Dataset section:

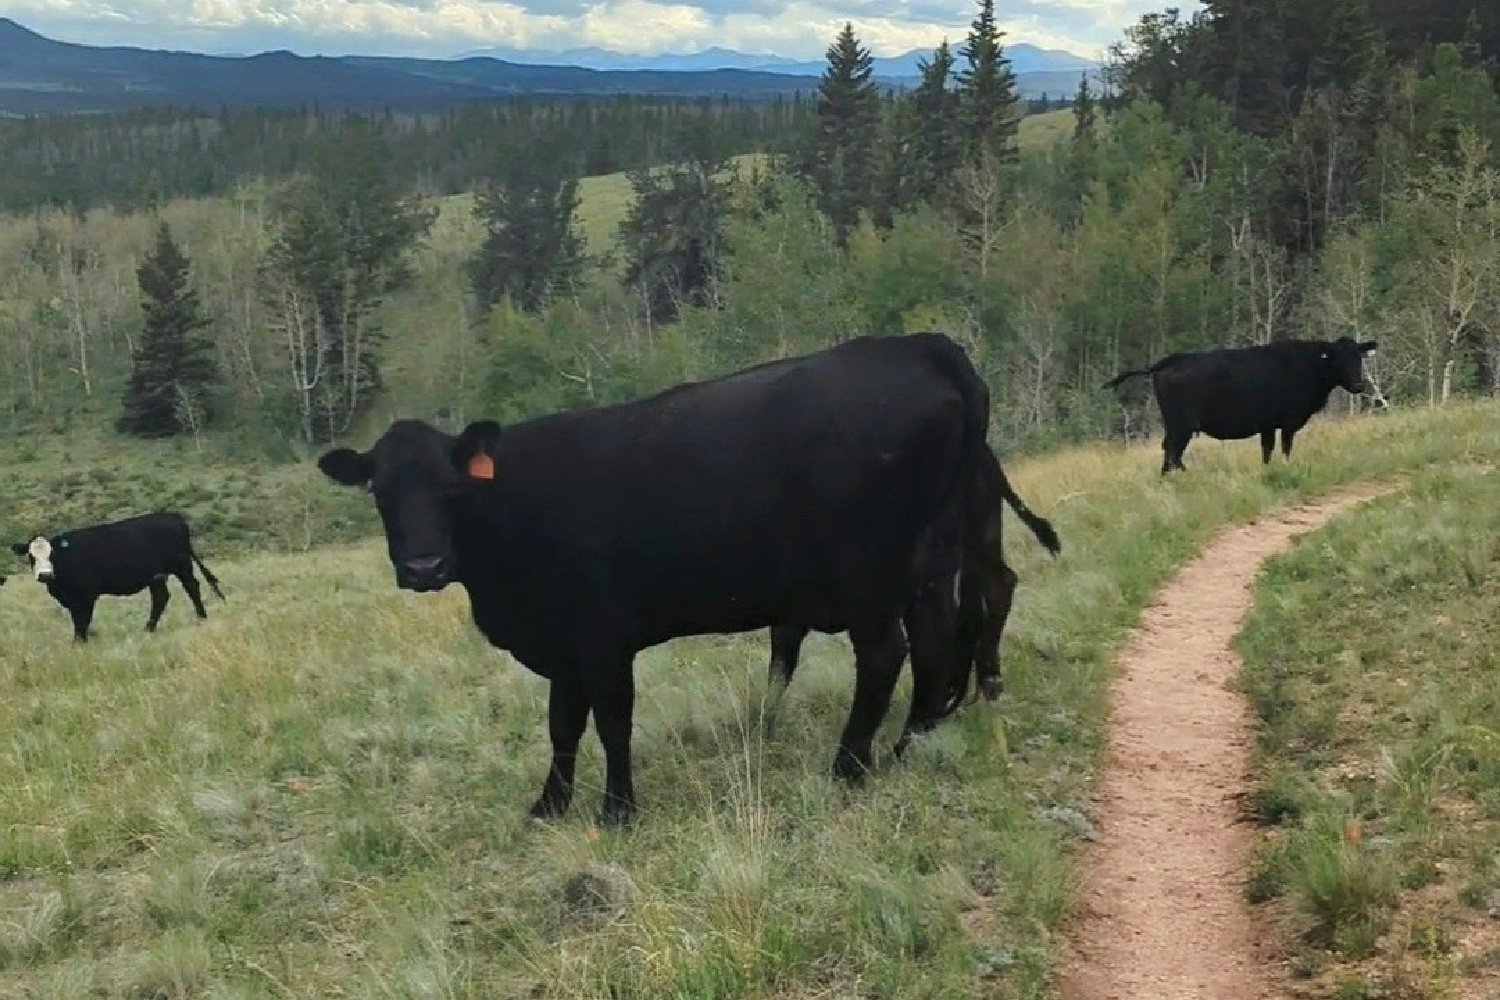 A group of cows standing next to a trail
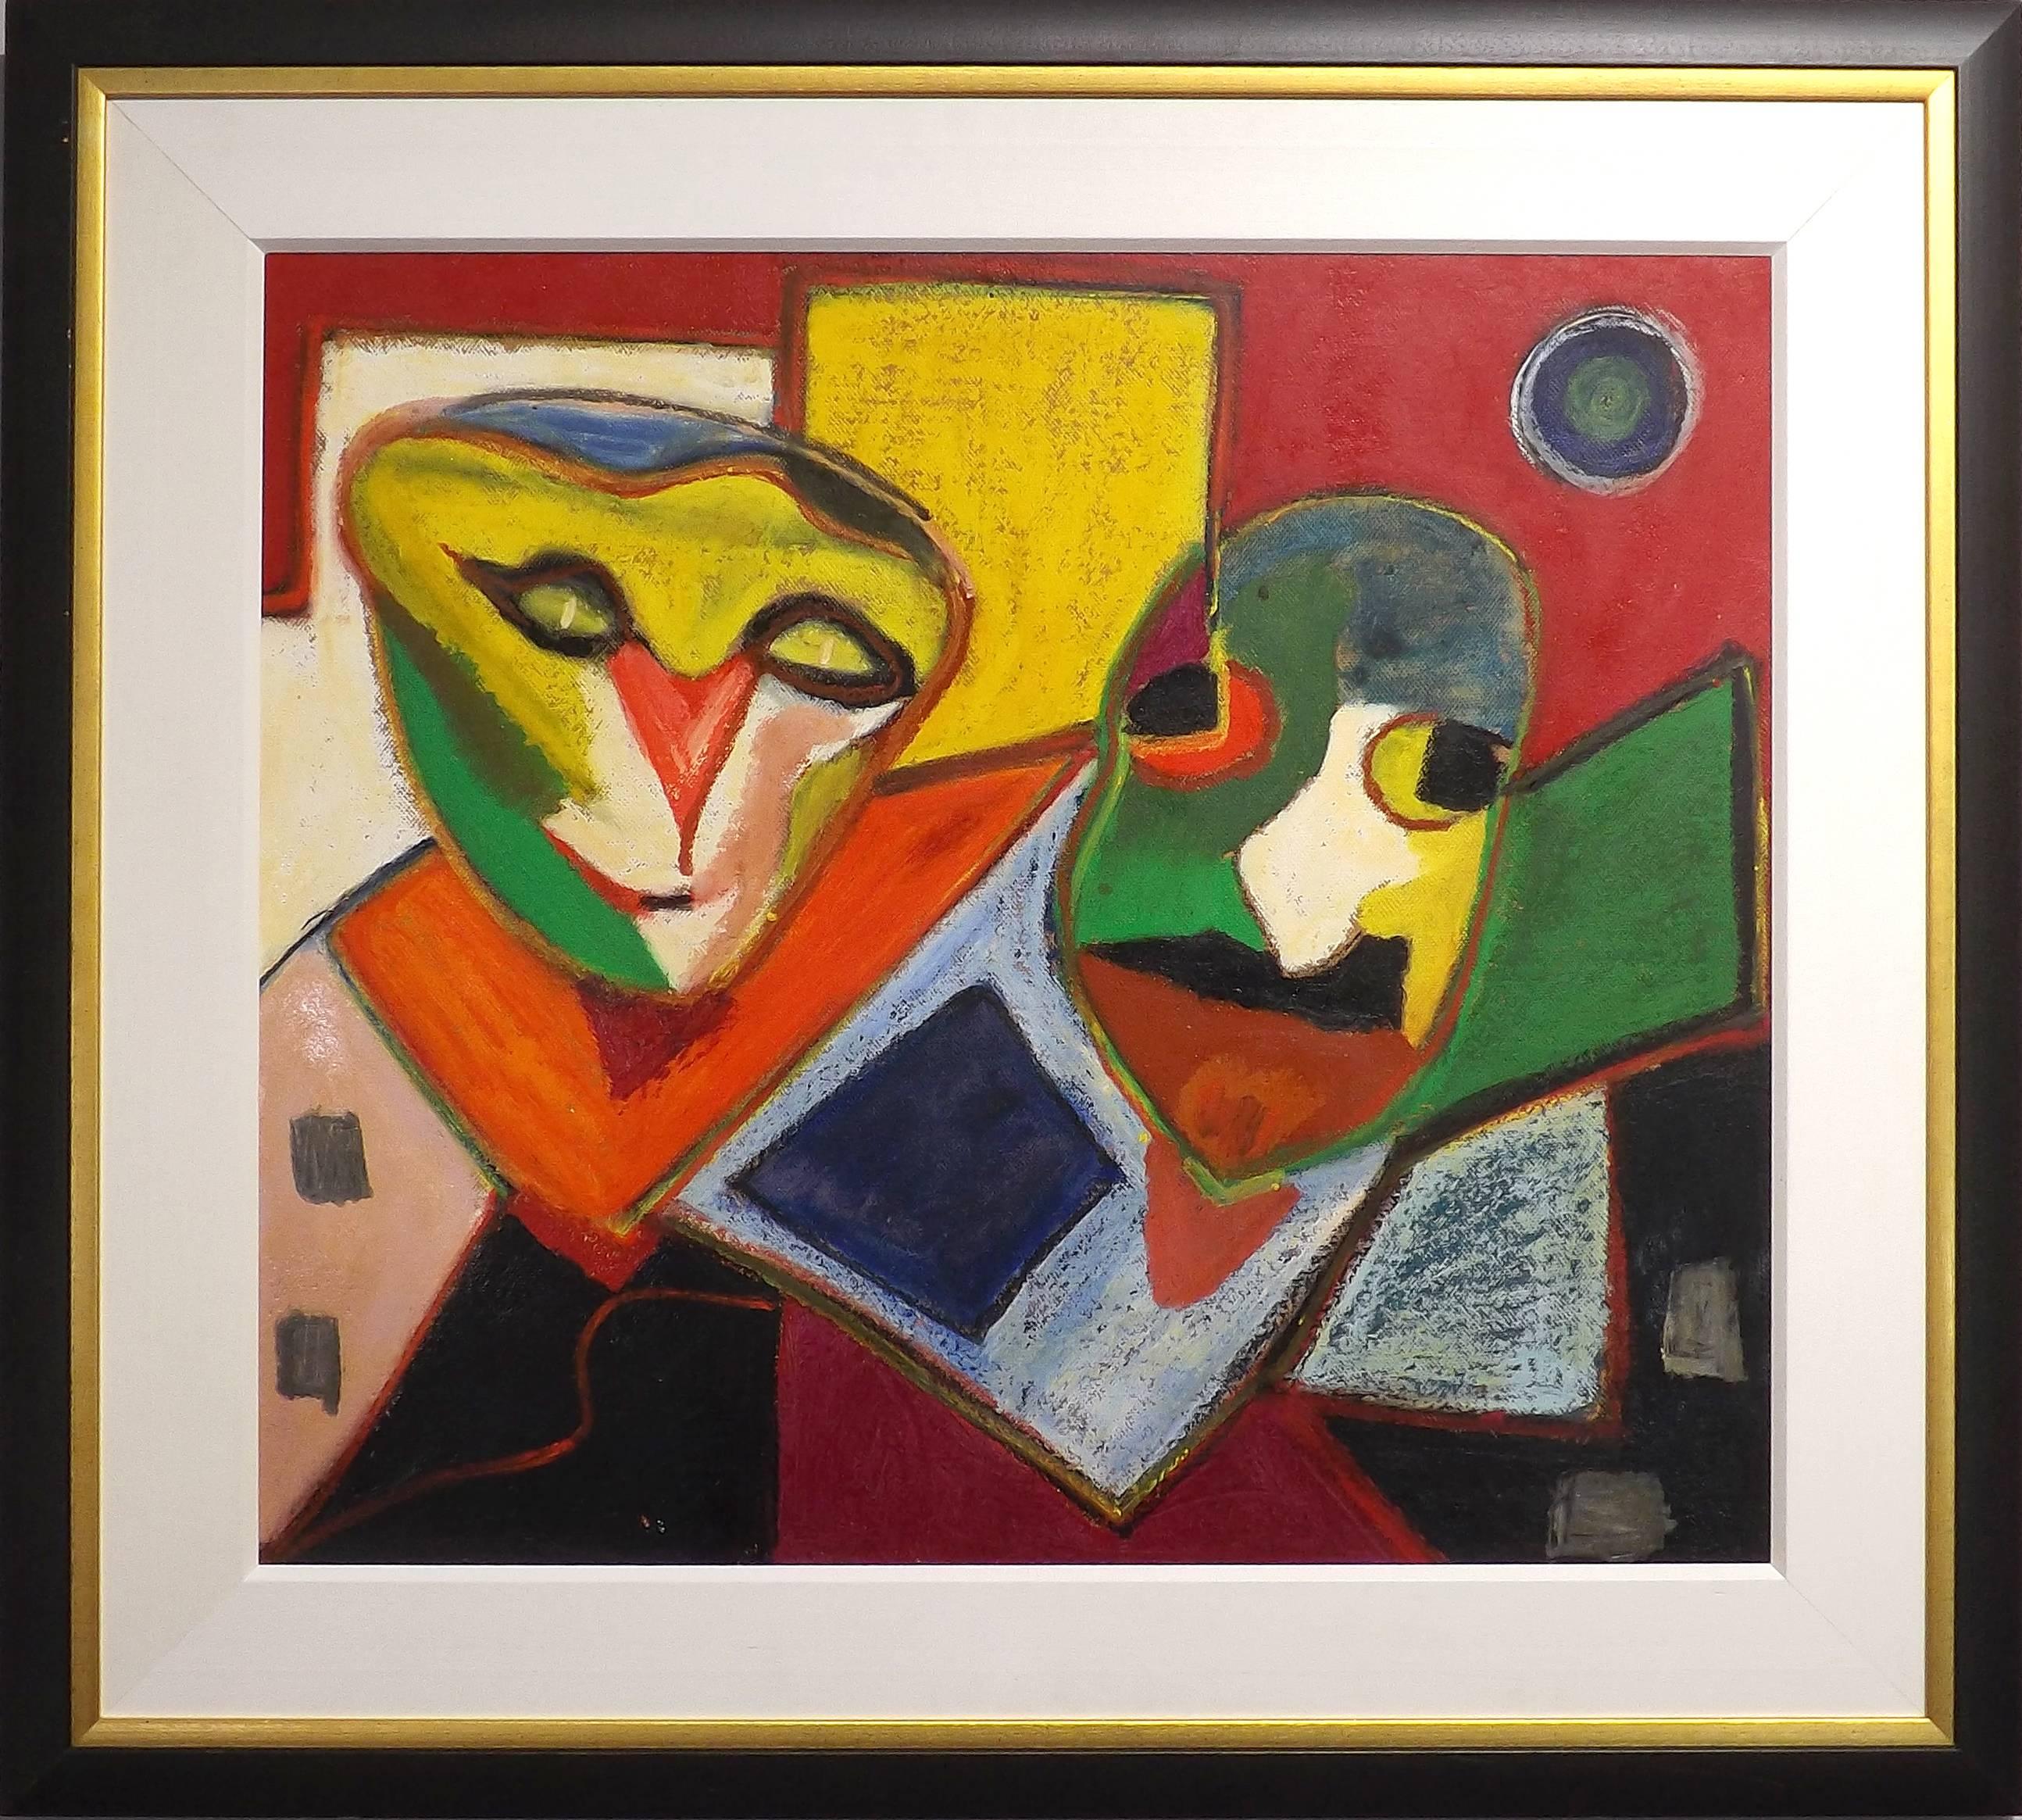 A delightful abstract painting of two festive figures who appear to be wearing masks, painted by Dutch outsider Janna Straus van de Geest (1930-1999). Janna was born in 1930 and was active in the city of Utrecht in the Netherlands, where she had her
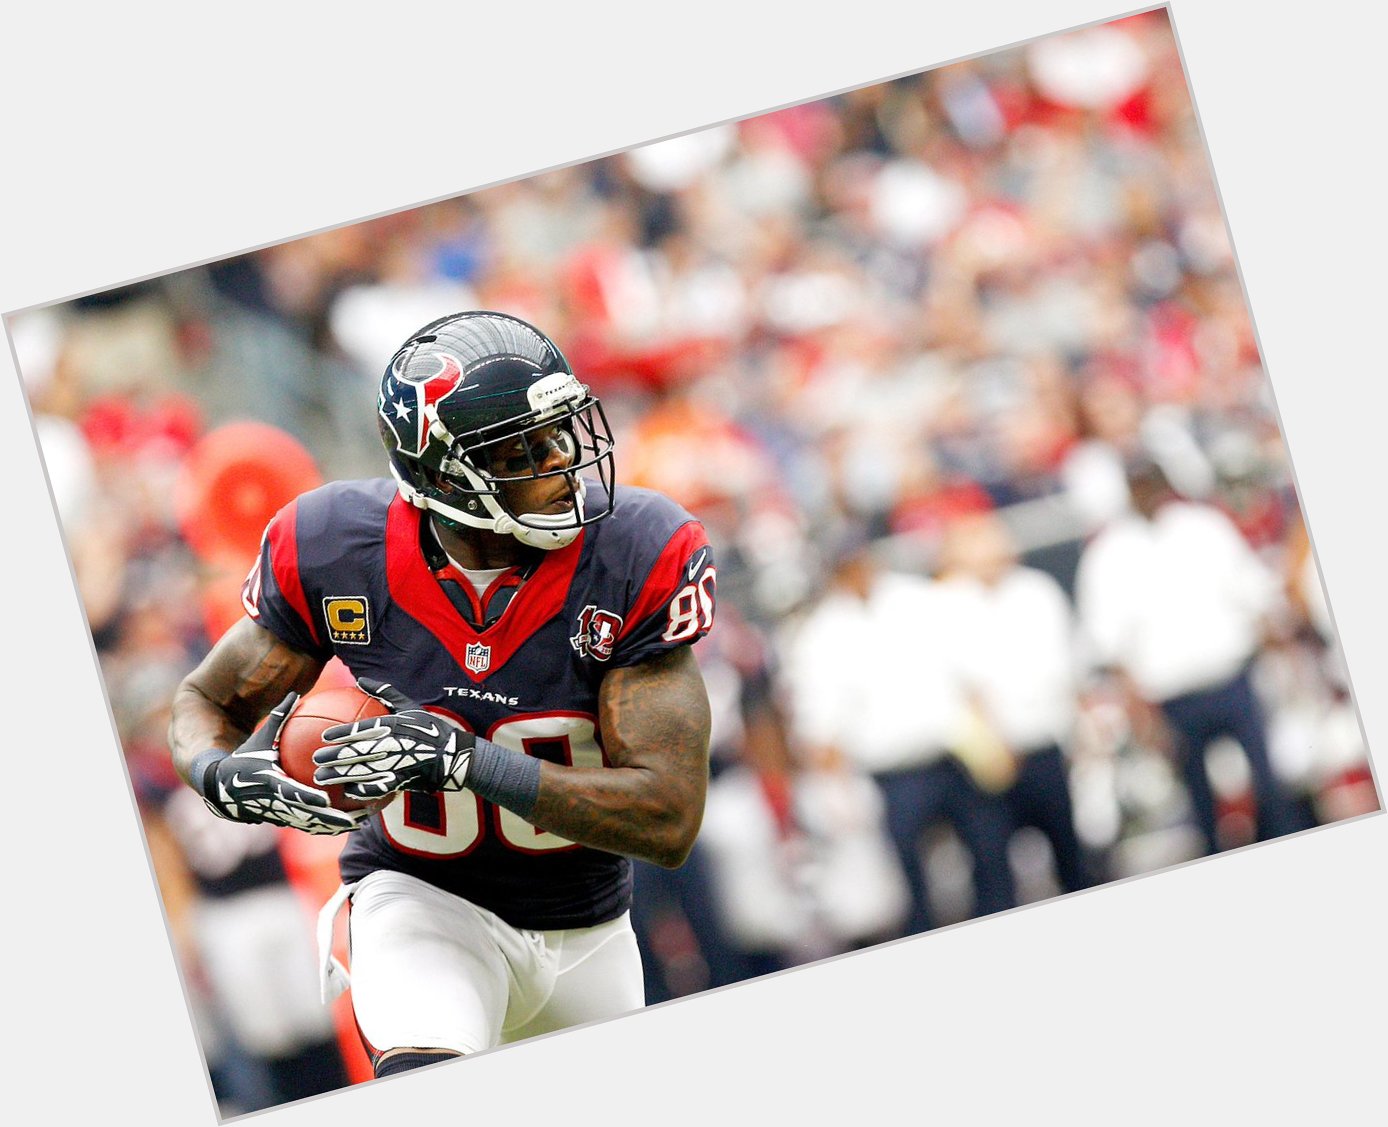 Happy Birthday to Andre Johnson who turns 36 today!

What you need to do:
Hand back exactly the lines from the one with "A delightful abstract" through the last line of the data above, both ends included, with every picture left out.

Answer to the problem:
 A delightful abstract painting of two festive figures who appear to be wearing masks, painted by Dutch outsider Janna Straus van de Geest (1930-1999). Janna was born in 1930 and was active in the city of Utrecht in the Netherlands, where she had her
 Happy Birthday to Andre Johnson who turns 36 today!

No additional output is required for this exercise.